╭─ DATASET SECTION

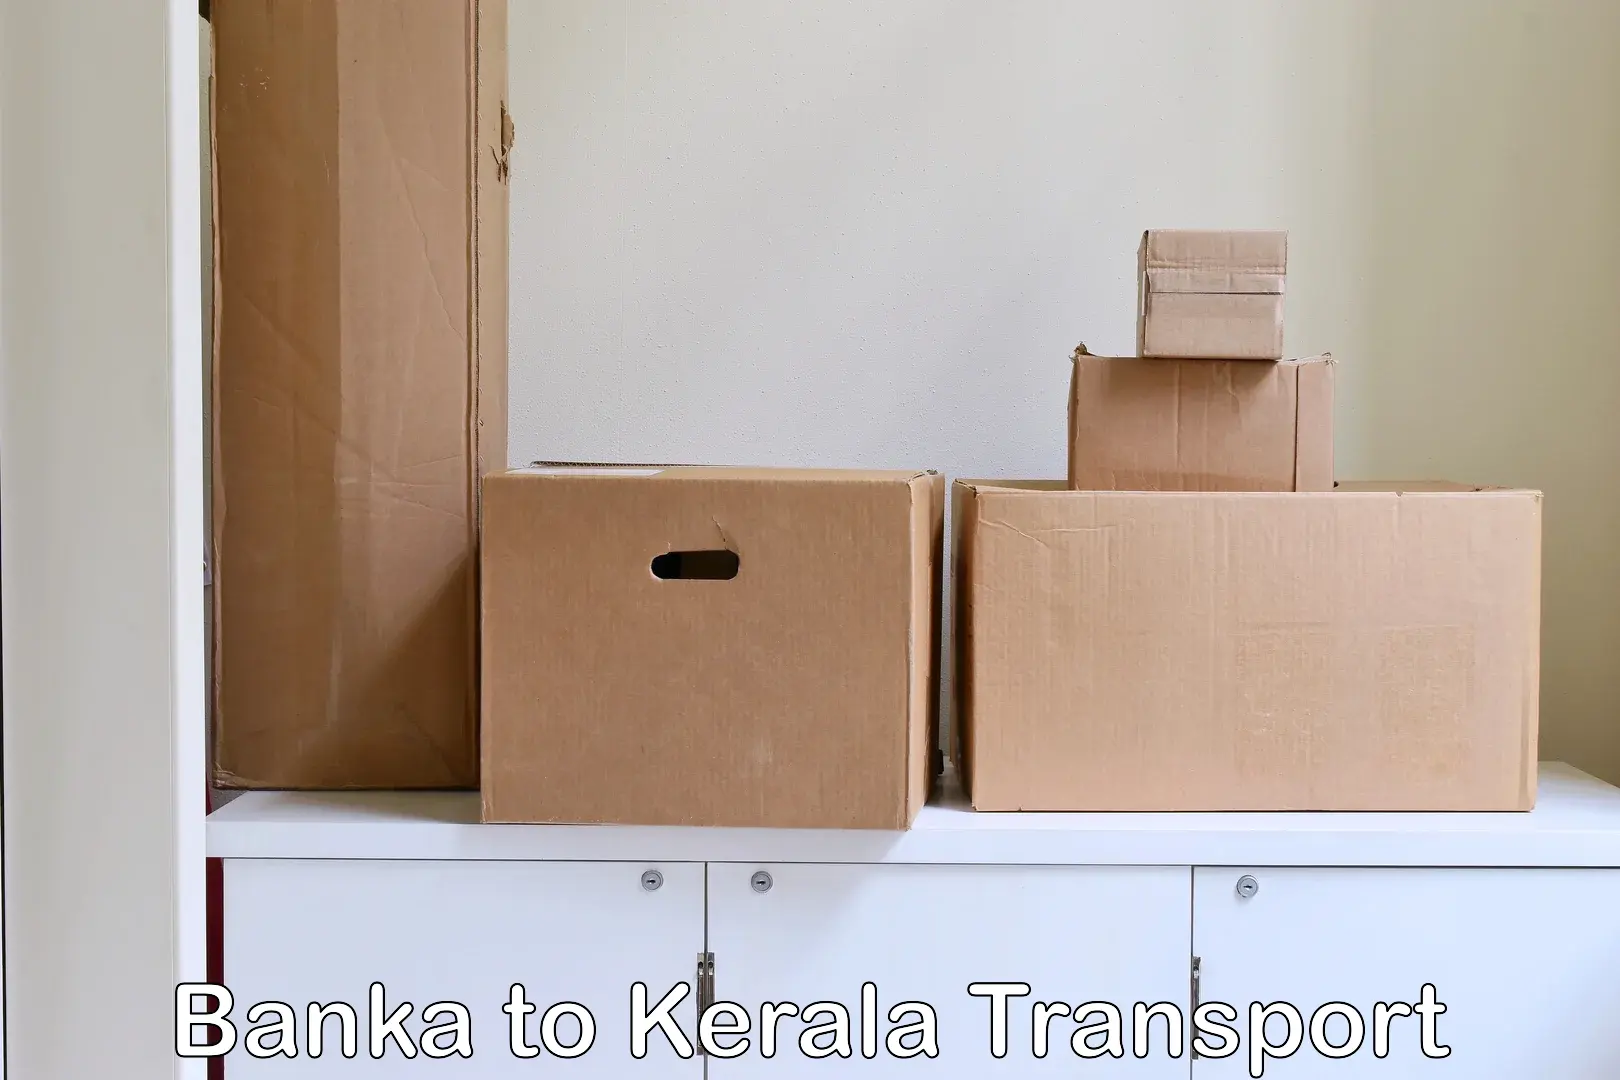 Transport shared services Banka to Kerala
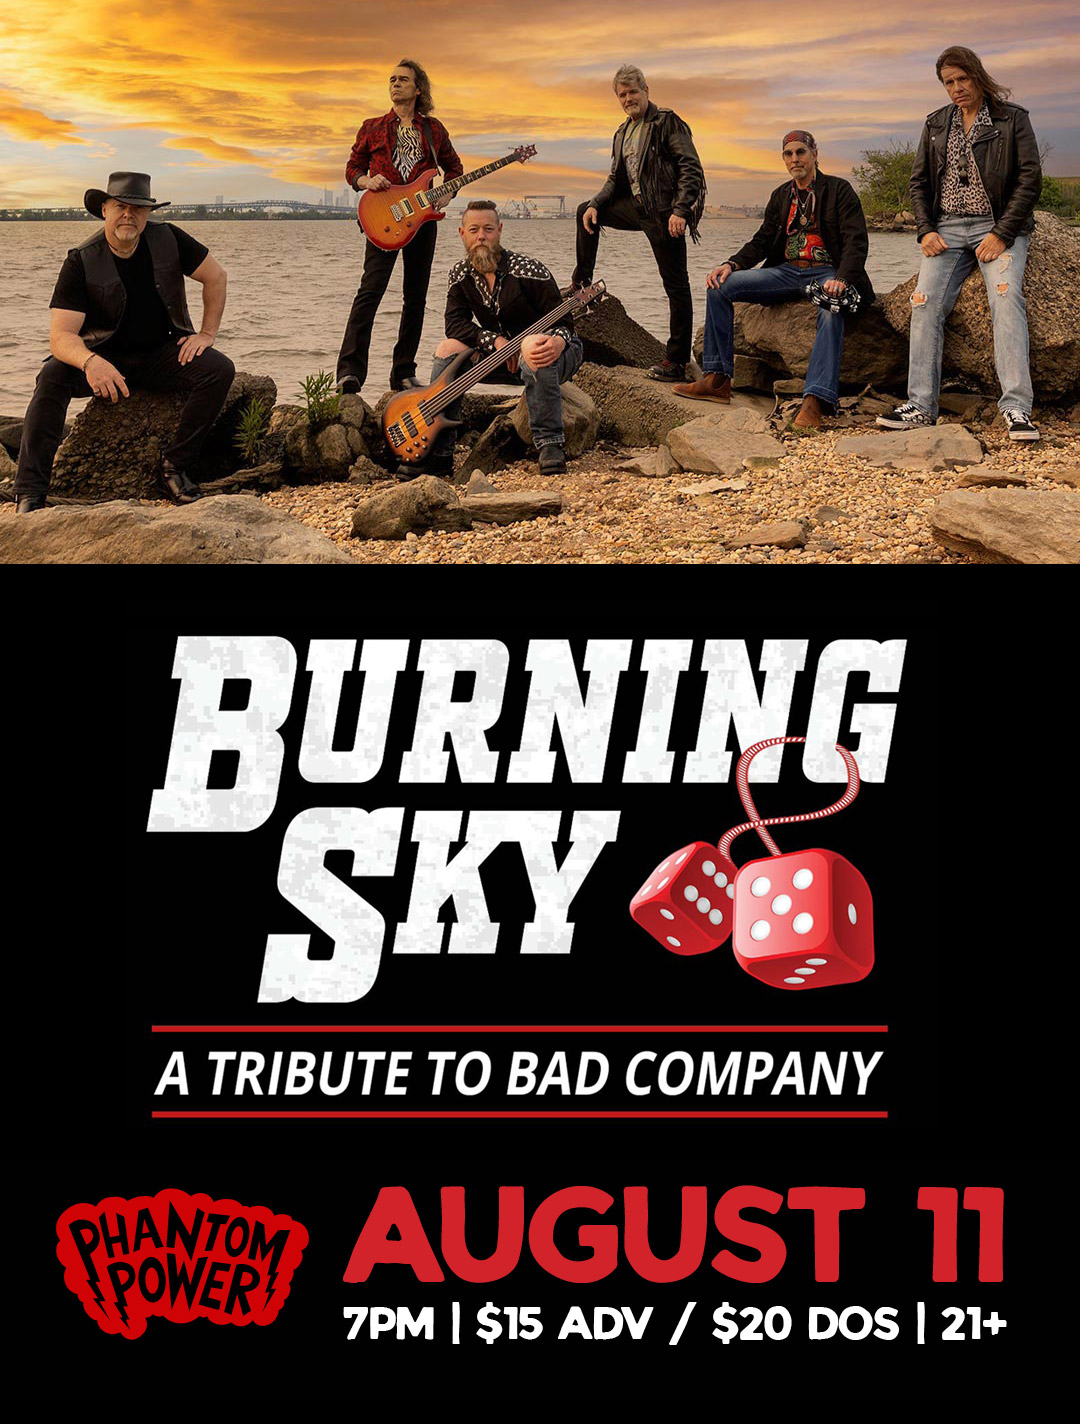 Burning Sky Band at Phantom Power Aug11
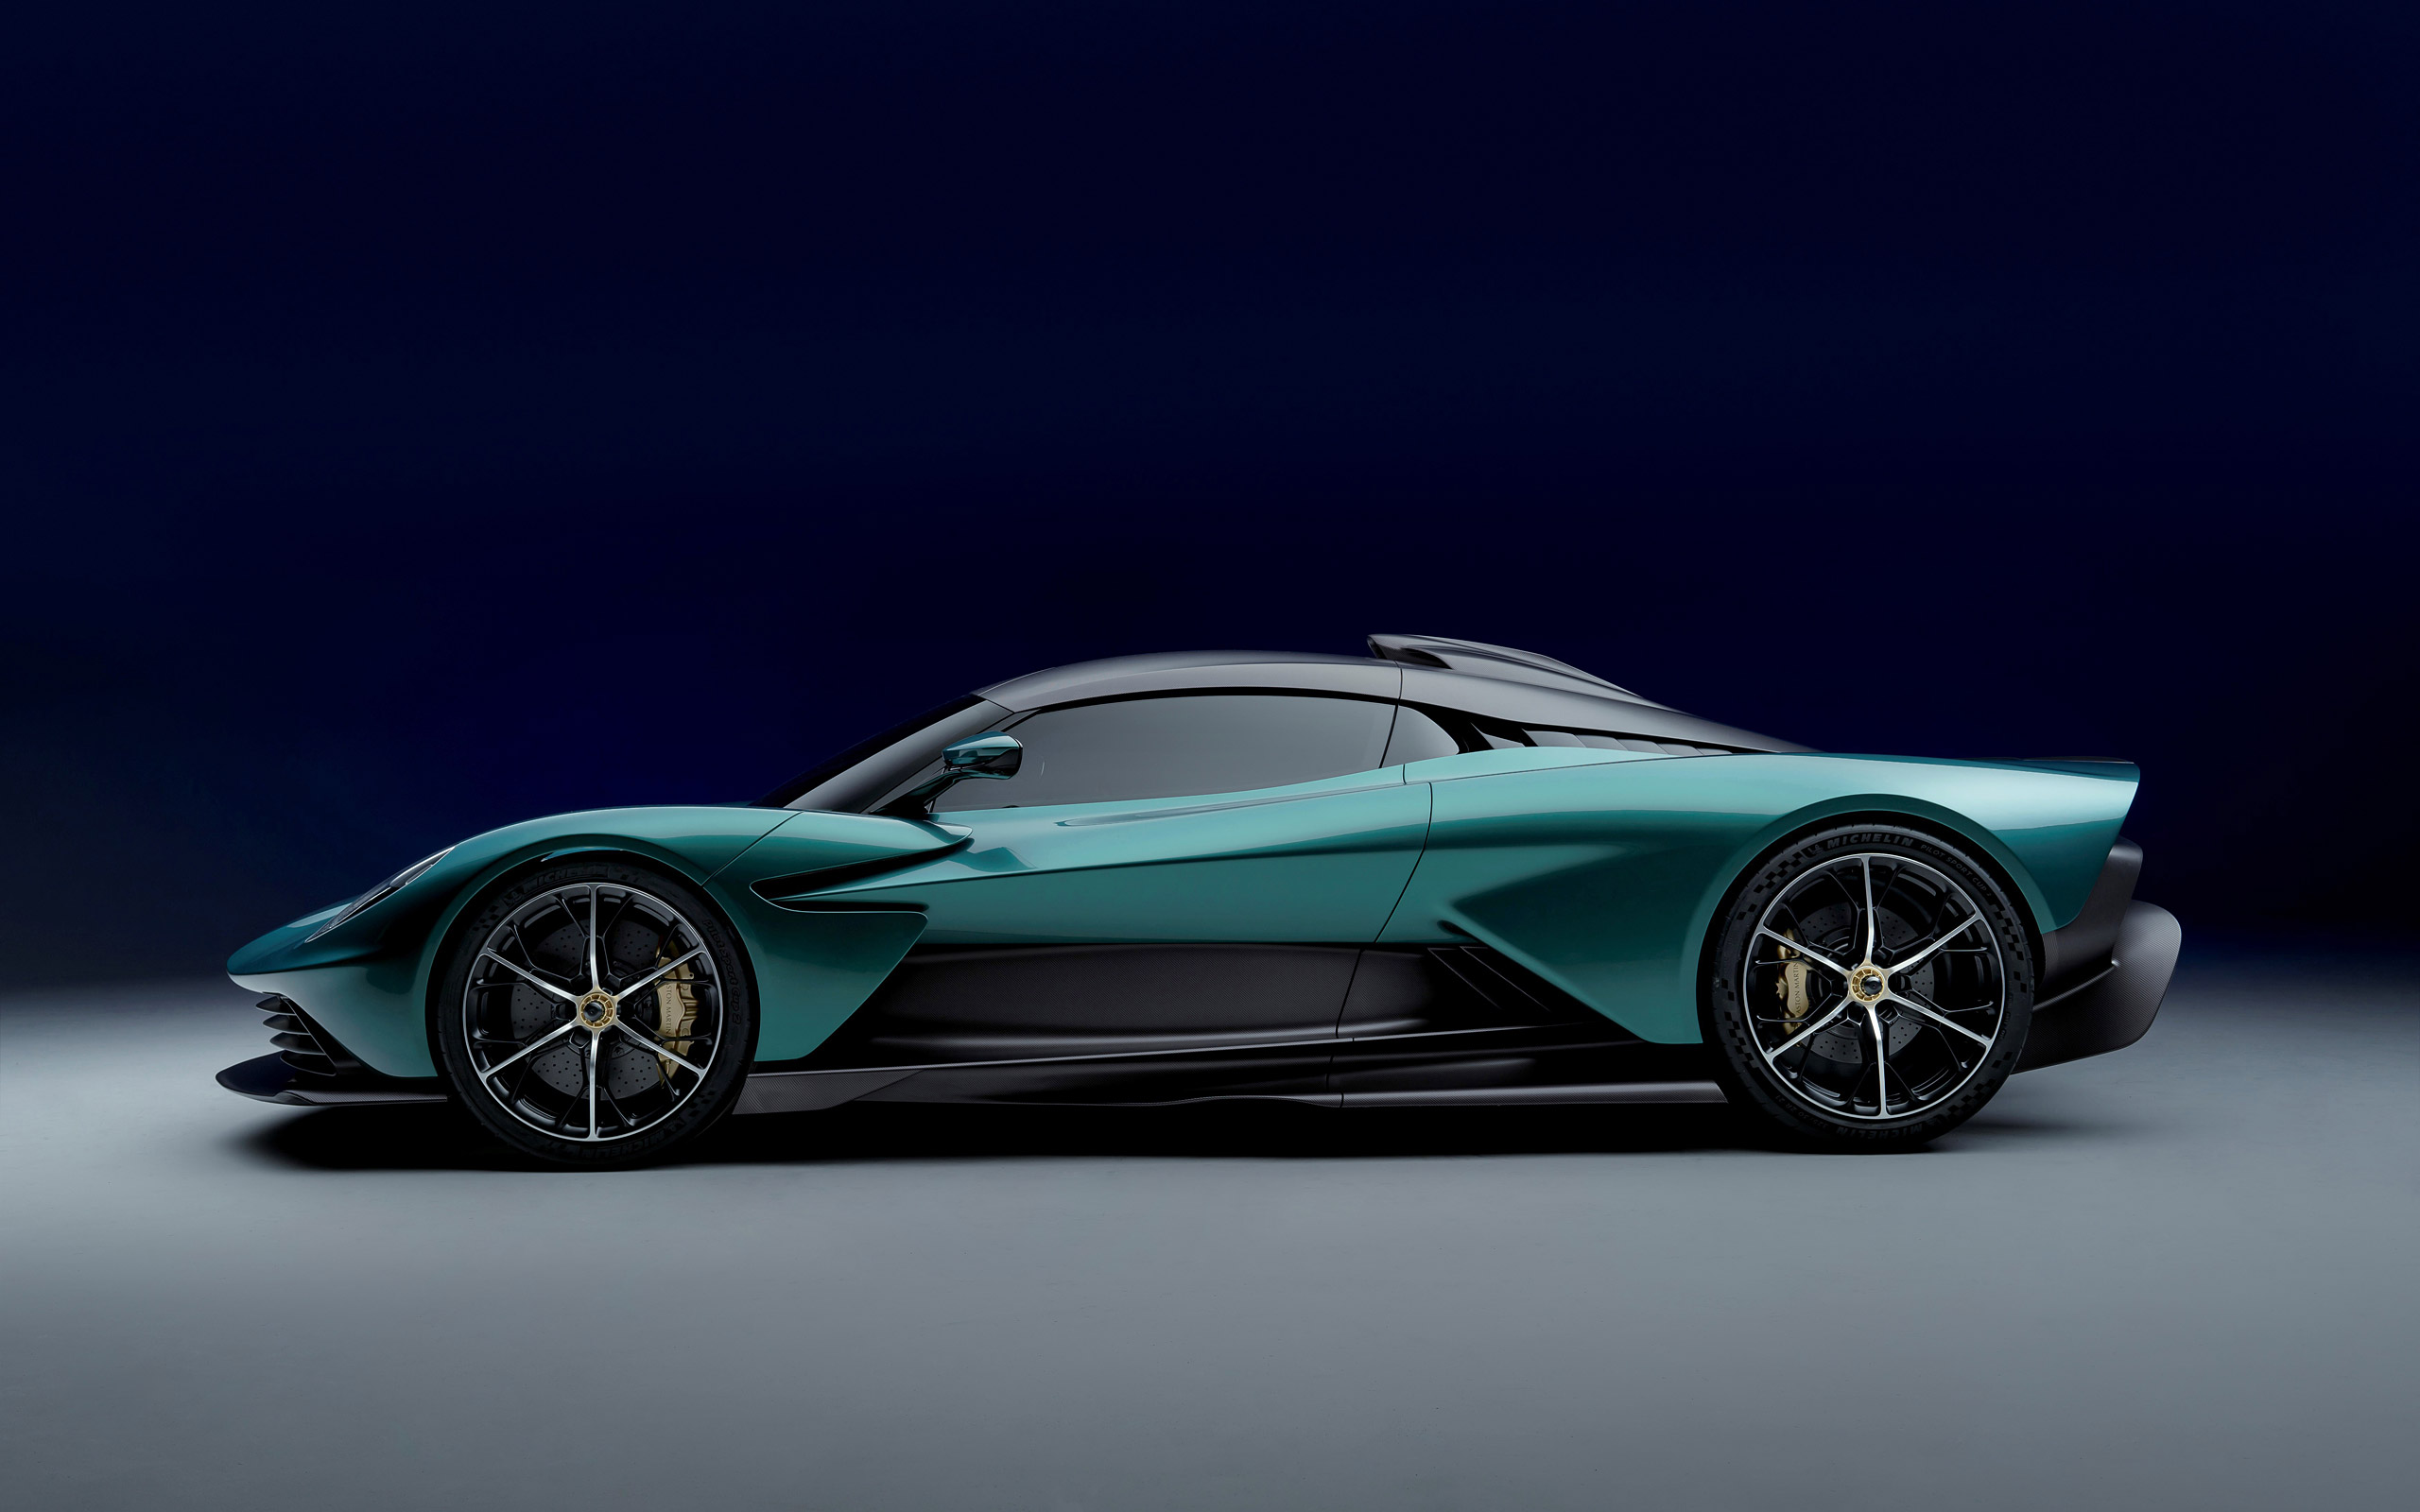  2022 Aston Martin Valhalla Wallpaper.

╰─

▸ BRIEF: Final stretch of the data: repeat exactly each line from the one containing "Burning Sky Band at Phantom Power Aug11" through the last, and omit all pictures.

▸ SOLVED PROBLEM:
 Burning Sky Band at Phantom Power Aug11
  2022 Aston Martin Valhalla Wallpaper.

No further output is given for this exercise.